It is no secret that media companies across the world are struggling to make ends meet, downsizing their operations to survive. Times of Malta is no different.

For the past several years, newsroom budgets have been slashed, and then slashed again. Staff who moved on were not replaced. Any investment had to be carefully considered before it was undertaken. There was little opportunity to focus spending on innovation. The number one priority was survival, even as Times of Malta’s readership grew to record numbers and the quality of investigative journalism reached levels never seen before in its 85-year history. 

One floor down from the editorial offices, things were even messier. A once-thriving company, Progress Press, was gradually downscaled as the printing business it focused on became less profitable. Dozens of workers were made redundant. On Friday, we learnt that this hardship could have been, at least in part, a criminal plan. 

Police inspectors told a court that a complex money trail that started at Progress Press led into bank accounts owned by Keith Schembri, Malcolm Scerri, Adrian Hillman and Vince Buhagiar. 

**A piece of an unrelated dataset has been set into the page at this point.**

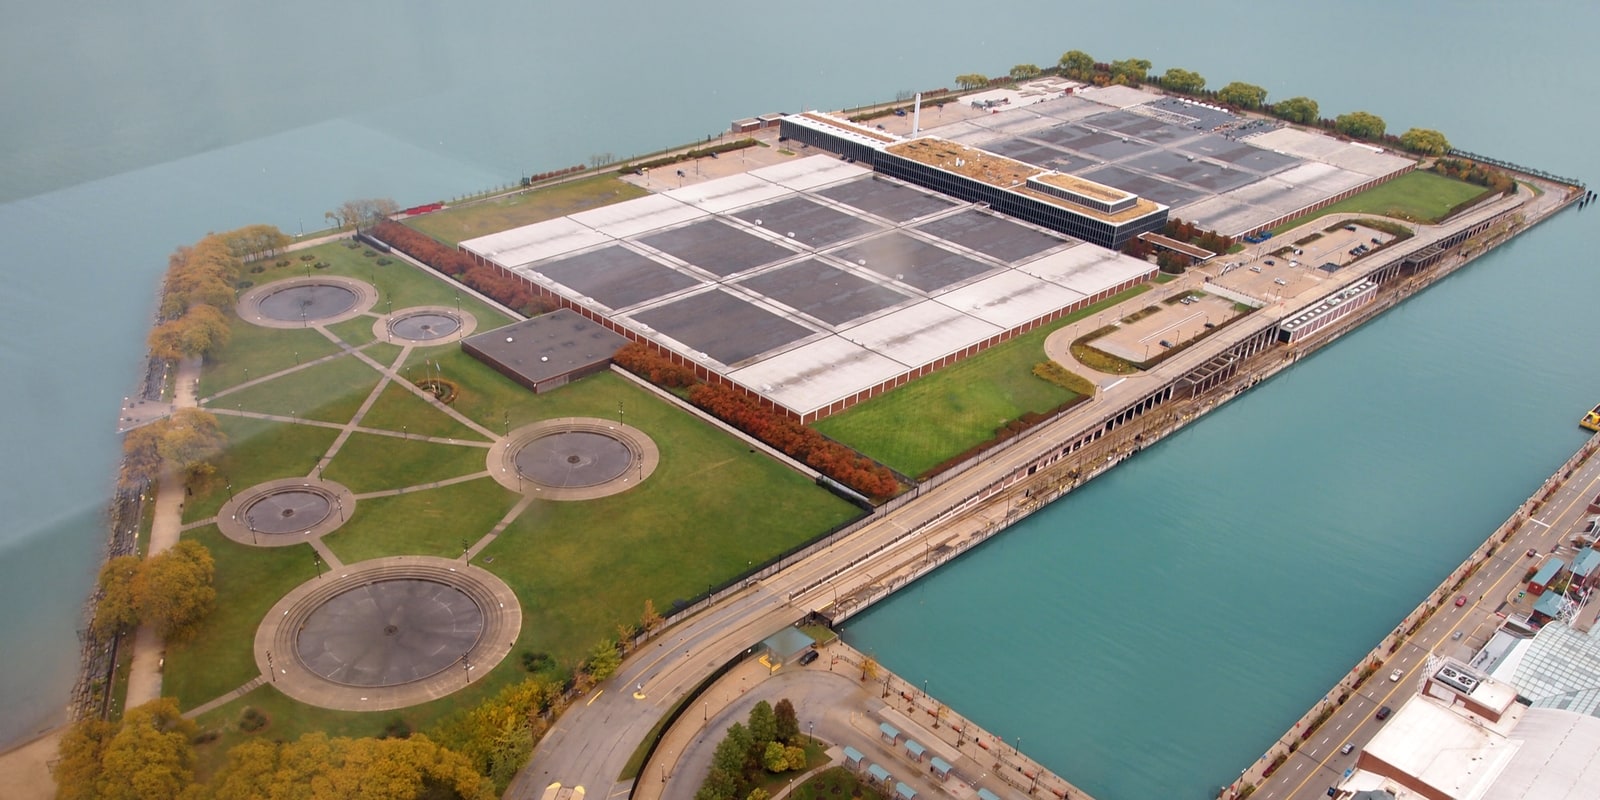 Figure 8: Arial view of James W. Jardine water purification plant in Chicago

Prosecutors believe Progress Press, at the time led by Hillman and Buhagiar, paid around US$6.5m more than it should have for printing machines it bought off Schembri and Scerri. An inspector described it as a “clear case of bribery” to buy machinery from Schembri’s company, Kasco.

If Schembri was willing to swindle private shareholders and cheat the taxman, why should he be expected to have acted any differently with the public purse?

Schembri and the others charged are innocent until proven guilty. But the evidence presented in court, from records of six-figure transactions to the discovery of a Schembri-authored spreadsheet that laid out how the money would be split, appears damning.

Friday’s testimony stunned the nation and sickened those who, like us, have dedicated their professional careers to Times of Malta. For years, since Daphne Caruana Galizia first revealed that Schembri and Hillman were in offshore cahoots, some suspicious minds have wondered whether their business dealings were a pretence for Schembri to take control of Times of Malta’s editorial line.

We have strongly dismissed that suggestion, repeatedly noting the clear line between the company’s commercial and editorial departments. Make no mistake: editors will not be bullied or cajoled into publishing anything they do not believe in.

But Friday’s testimony, if confirmed by a guilty verdict, raises another pertinent question: apart from enriching himself, was Keith Schembri out to bankrupt Progress Press and, by extension, cripple Times of Malta?

Was the “bridge” that he spoke of one that led to financial ruin? The case is still at its early stages but change must begin immediately, and there is plenty of internal soul-searching the Allied Group must do.

The auditors at the time also have questions to answer. But we will also not let exponents of the Labour government use diversionary tactics to transfer Schembri’s sins onto Times of Malta as they have been strategically doing for the past week.

As prime minister and a former member of Joseph Muscat’s cabinet, Robert Abela cannot sit idly by while revelations from the law courts rip the country’s reputation to shreds. Dissociating himself from Schembri and Joseph Muscat is not enough: he must amputate to stop this sickness from spreading. Abela should order a full probe into all deals which  Schembri piloted as chief of staff at the Office of the Prime Minister, as ADPD suggested. At the top of that list should be the $100 million deal that brought Crane Currency to Malta. 

If Schembri was willing to swindle private shareholders and cheat the taxman, why should he be expected to have acted any differently with the public purse?